The 5 Most Expensive Snowflake Mistakes
After analyzing many Snowflake environments, I consistently find the same mistakes. Each can represent 10-30% of the monthly bill.
In 90% of environments I audit, at least 3 of these 5 mistakes are present. It's not a question of team competence. It's just that Snowflake is configured by default for performance, not for cost.
Here are the 5 most common waste patterns, and how to fix them.
Mistake #1: Auto-suspend disabled or too long
The problem
By default, Snowflake creates warehouses with a 5-minute auto-suspend. Many admins disable it "to avoid startup times" or increase it to 10-15 minutes.
Result: The warehouse runs idle for hours.
I saw at one client an XLARGE warehouse with auto-suspend disabled "because users complained about the 2-second cold start". Cost of that decision: €18,000/month of pure waste. To avoid 2 seconds of waiting.
The calculation
A MEDIUM warehouse (4 credits/hour) with auto-suspend disabled:
Actual usage: 2h/day of queries
Time billed: 24h/day (never suspended)
Waste: 22h × 4 credits × $3 = $264/day = $7,920/month
The solution
-- Check all warehouses
SELECT
warehouse_name,
warehouse_size,
auto_suspend,
CASE
WHEN auto_suspend IS NULL THEN 'NEVER'
WHEN auto_suspend > 300 THEN 'TOO LONG'
ELSE 'OK'
END as status
FROM SNOWFLAKE.ACCOUNT_USAGE.WAREHOUSES
WHERE deleted IS NULL;
-- Fix
ALTER WAREHOUSE my_warehouse SET AUTO_SUSPEND = 60;
Rule: 60 seconds for interactive workloads, 120 seconds maximum for batch.

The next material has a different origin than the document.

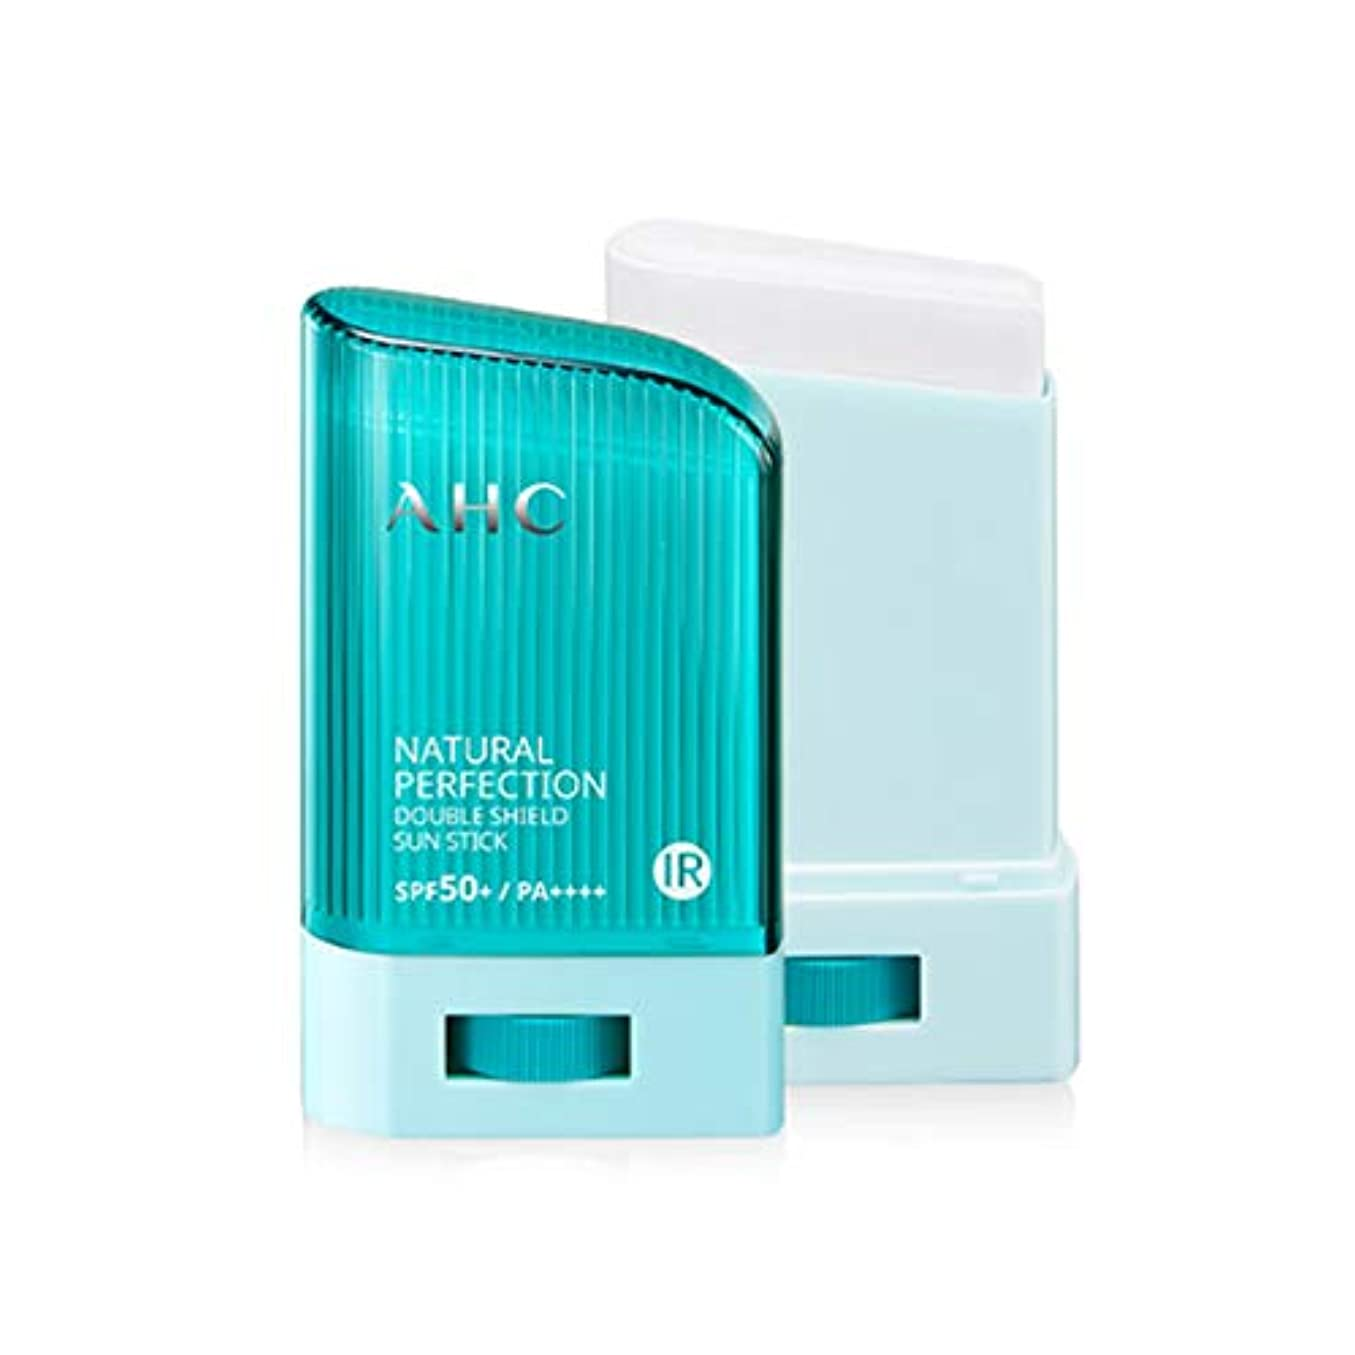 オール破産抜粋AHC ナチュラルパーフェクションダブルシールドサンスティック ブルー Natural Perfection Double Shield Sun Stick BLUE [並行輸入品] (22g)

My strong opinion: I NEVER recommend disabling auto-suspend, even on "critical" warehouses. Snowflake's cold start is 1-3 seconds. If your users can't wait 2 seconds, the problem isn't technical. It's a communication problem.

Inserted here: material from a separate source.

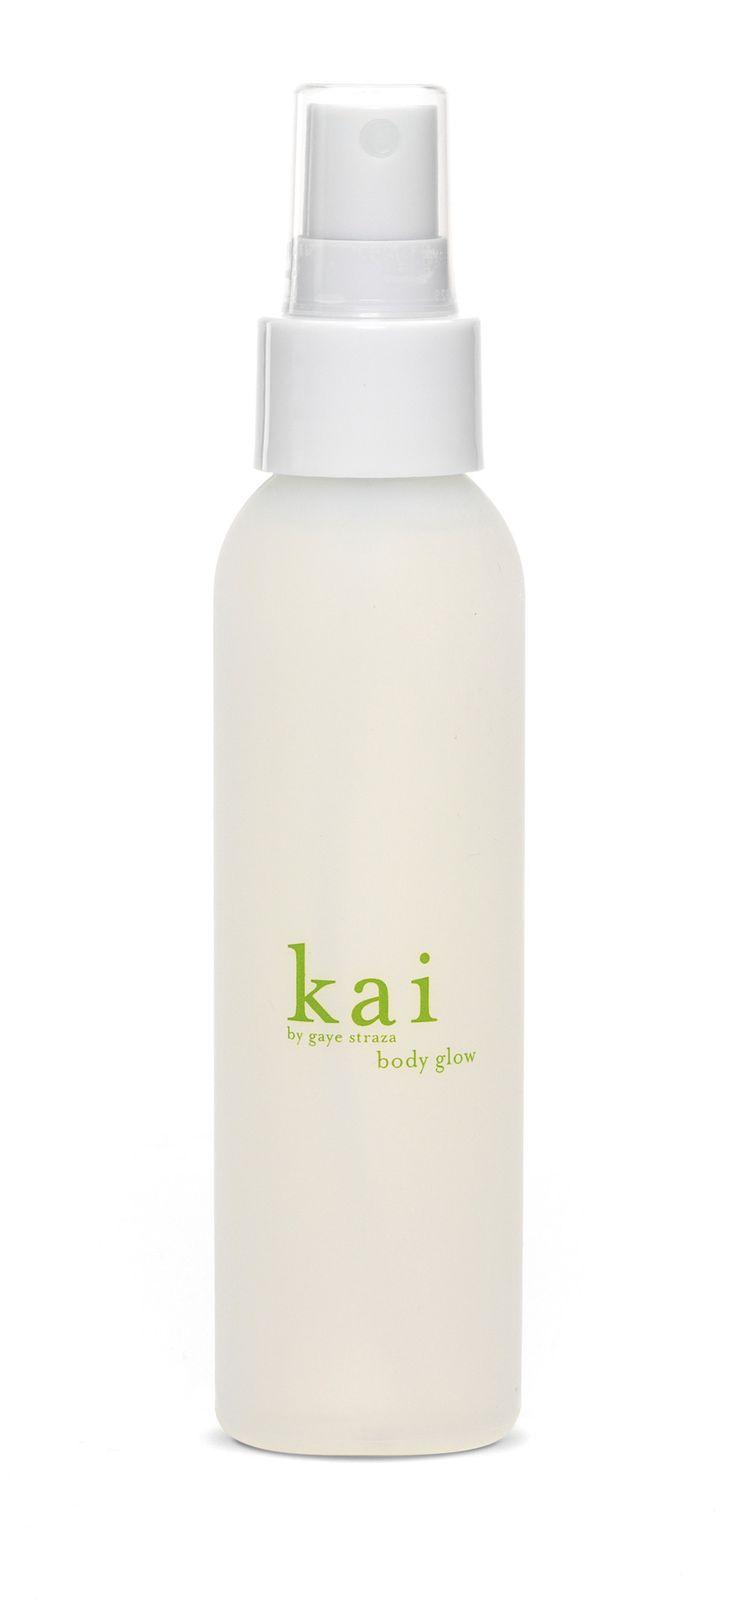 Kai Body Glow design by Kai Fragrance Would like to try this body glow spray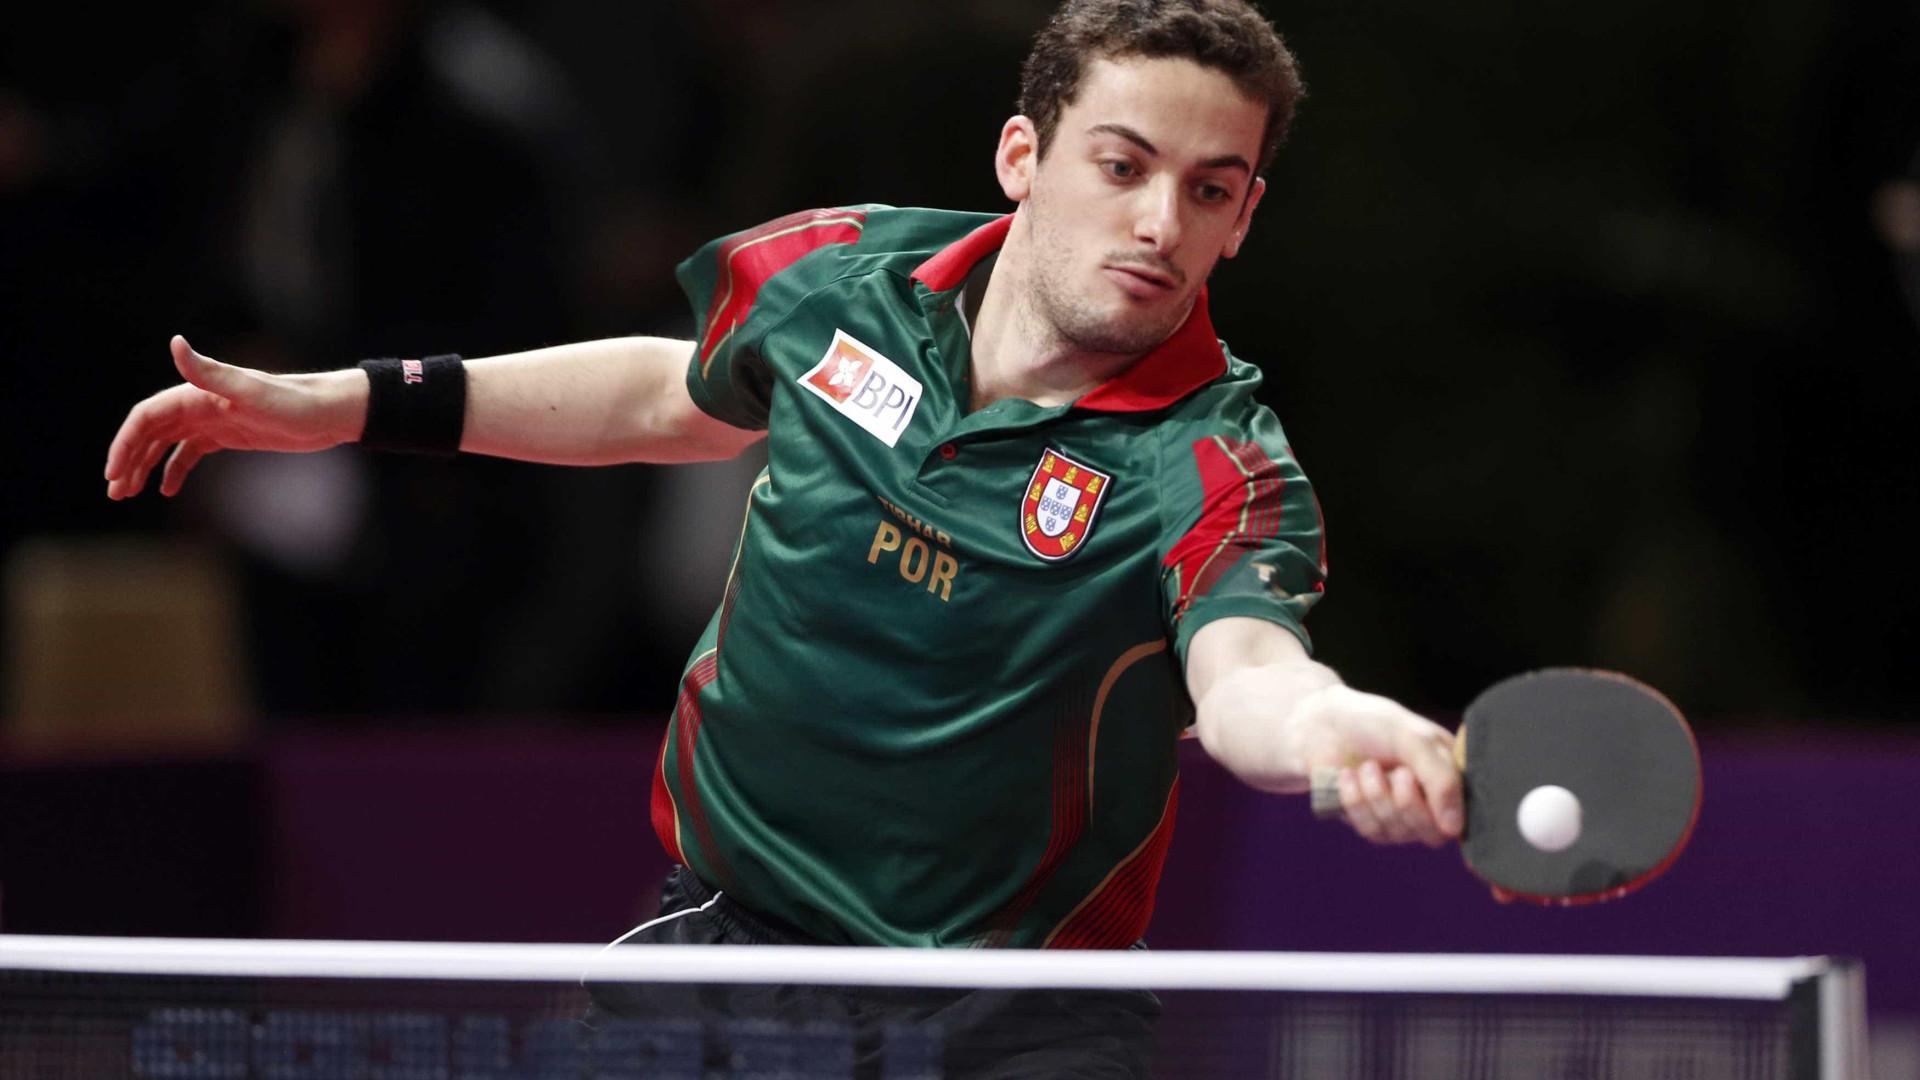 Portugal estreia-se nos Mundiais de ténis de mesa com vitória

Typical savings: 20-40% of compute costs
Mistake #2: Oversized warehouses
The problem
"We took a LARGE to be sure we had enough power."

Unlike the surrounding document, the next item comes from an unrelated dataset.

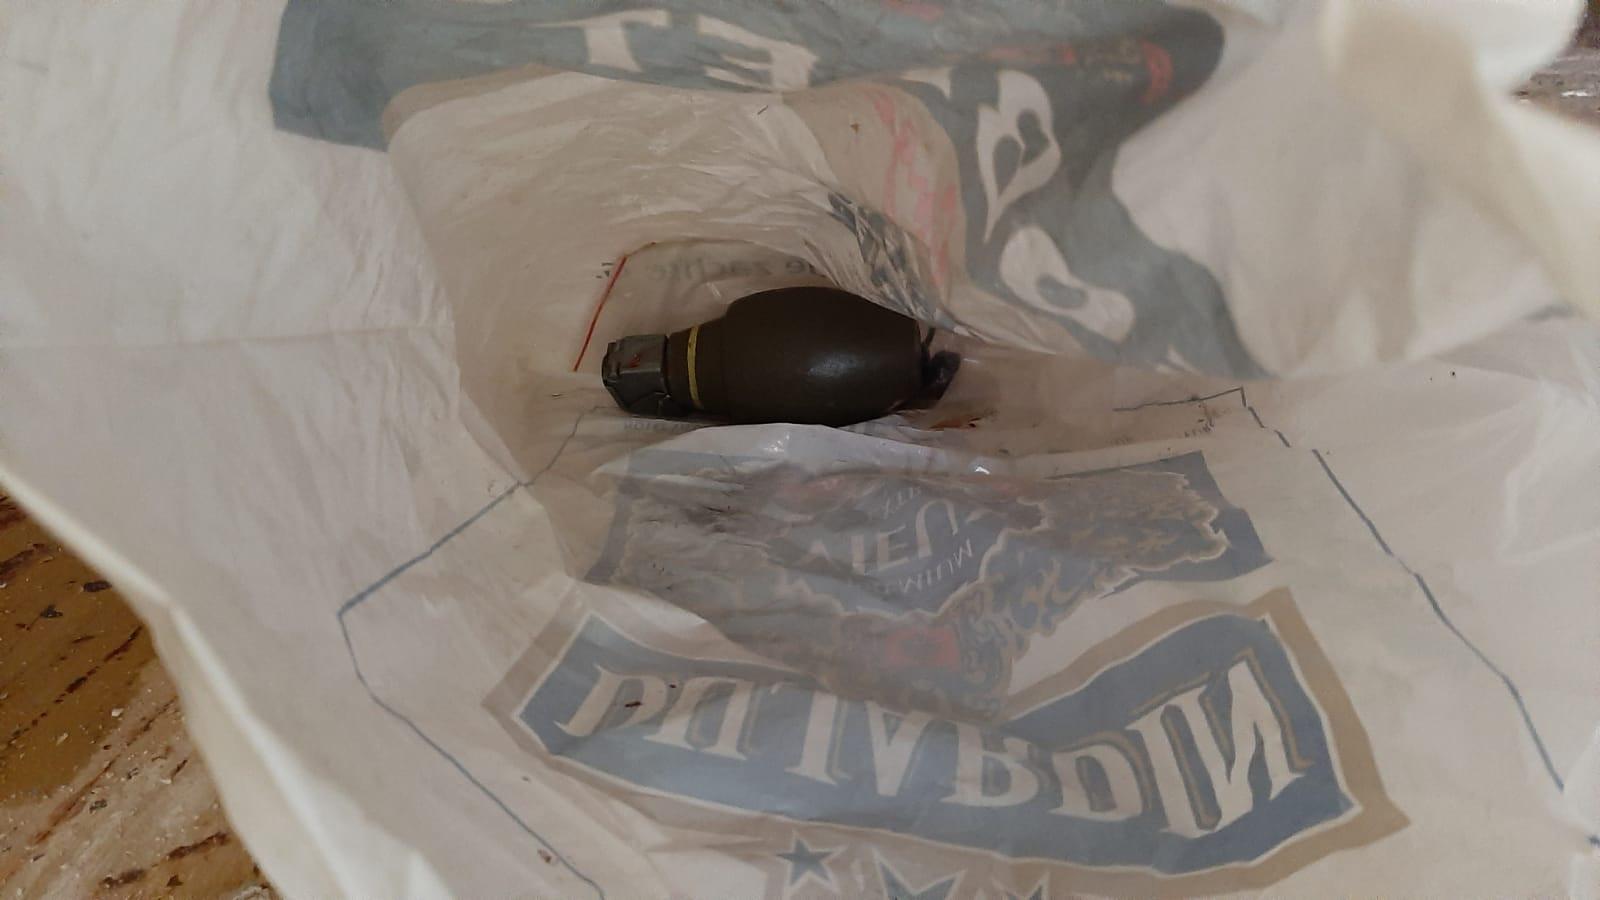 De handgranaat, gevonden in een vriezer in een Roosendaalse woning.

Except most queries don't need a LARGE. An X-SMALL or SMALL is enough for 80% of use cases.
The worst situation I've seen: a BI team with 15 analysts, each with their own dedicated MEDIUM warehouse. Average usage: 45 minutes per day. Monthly cost: €12,000. After consolidation to a single SMALL warehouse with auto-scaling: €800/month. Same perceived performance for users.
How to detect it
-- Analyze actual load per warehouse
SELECT
warehouse_name,
warehouse_size,
AVG(avg_running) as avg_concurrent_queries,
AVG(avg_queued_load) as avg_queue,
MAX(avg_queued_load) as max_queue
FROM SNOWFLAKE.ACCOUNT_USAGE.WAREHOUSE_LOAD_HISTORY
WHERE start_time > DATEADD(day, -30, CURRENT_TIMESTAMP())
GROUP BY 1, 2
ORDER BY avg_concurrent_queries DESC;
Signs of oversizing:
avg_concurrent_queries< 1 → The warehouse is often idleavg_queue= 0 → No contention, no need for more power- Simple queries (< 10 sec) on a LARGE warehouse
The solution
-- Reduce size
ALTER WAREHOUSE analytics_wh SET WAREHOUSE_SIZE = 'SMALL';
-- Or use auto-scaling
ALTER WAREHOUSE analytics_wh SET
WAREHOUSE_SIZE = 'SMALL'
MIN_CLUSTER_COUNT = 1
MAX_CLUSTER_COUNT = 3
SCALING_POLICY = 'STANDARD';
Rule: Start small, scale up if queue > 0 consistently.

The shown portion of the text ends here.